This is a robust and performance-oriented WebSockets library written in C. It provides a simple yet flexible API for building WebSocket clients and servers. It supports all standard WebSocket features including text and binary messages, ping/pong frames, control frames and includes built-in OpenSSL support.

The motivation behind the project is to have a portable WebSockets client library under a permissive license (MIT) which feels like a traditional socket API (blocking with optional timeout) which can also provide a foundation for some additional messaging features similar to (but lighter weight than) AMQP and MQTT.

The code compiles and runs on Linux, FreeBSD, NetBSD, OpenBSD, OS X, Illumos/Solaris and Windows. It is fully commented and well-documented. Furthermore, the code is under a permissive license (MIT) allowing its use in commercial (closed-source) applications. The build system (CMake) includes built-in support to for cross-compiling from Linux/BSD to Windows, provided MinGW compiler and tools are installed on the host system.

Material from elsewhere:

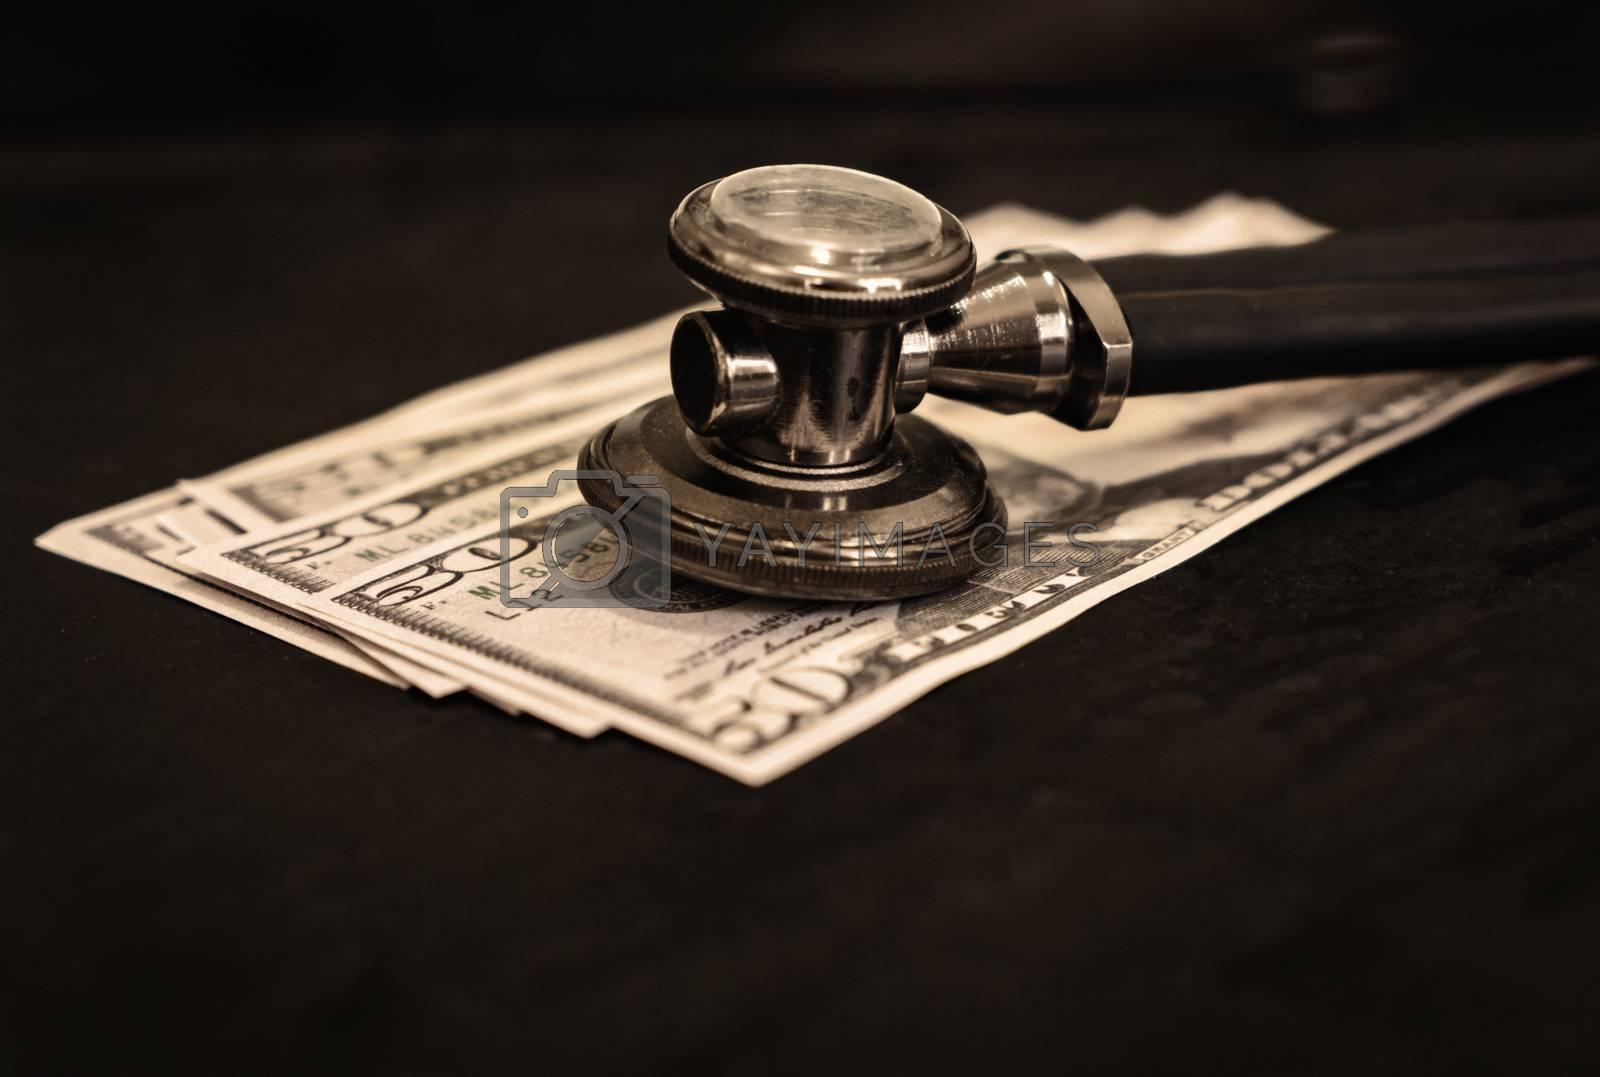 A stethoscope on three fifty dollar bills. Sepia toned photo

There are two parts to the library: a client-side component and an optional server-side component. The two are built from completely different networking designs, each suited to their particular use-cases. The client architecture is designed for single connections and operates synchronously, waiting for responses from the server. The server architecture is designed for many concurrent connections and operates asynchronously.

The client-side API is simple and flexible. Connections wait (block) for responses and can employ a timeout in which to take action if a response does not arrive in a timely manner (or at all). The API is threadsafe in so far as each connection must be maintained in its own thread. All global structures and common services (error-reporting and tracing) use thread-local variables. The API runs atop the native operating system’s networking facilities, using poll() and thus no additional libraries are required.

The server-side API implements a non-blocking, multiplexing, multithreaded server atop libuv. The server consists of a main networking thread and a pool of worker threads that process the data. The networking thread runs the libuv loop to handle socket I/O and evenly distributes incoming data to the worker threads via a synchronized queue. The worker threads process the data and optionally send back replies via a separate queue. The server takes care of all the WebSocket protocol serialization and communication between the the network and worker threads. Developers only need to focus on the actual message processing logic to service incoming messages.

The requirement of libuv is what makes the server component optional. While libuv runs on every major operating system, it is not expected to be a requirement of this library, as its original intent was to provide client-side connections only. Thus if you want use the server-side API, you simply add a configuration switch -DBUILD_SERVER=1 at build time to include the code

WebSockets Overview

WebSockets significantly enhance the capabilities of web applications compared to standard HTTP or raw TCP connections. They enable real-time data exchange with reduced latency due to the persistent connection, making them ideal for applications like live chat, gaming, real-time trading, and live sports updates.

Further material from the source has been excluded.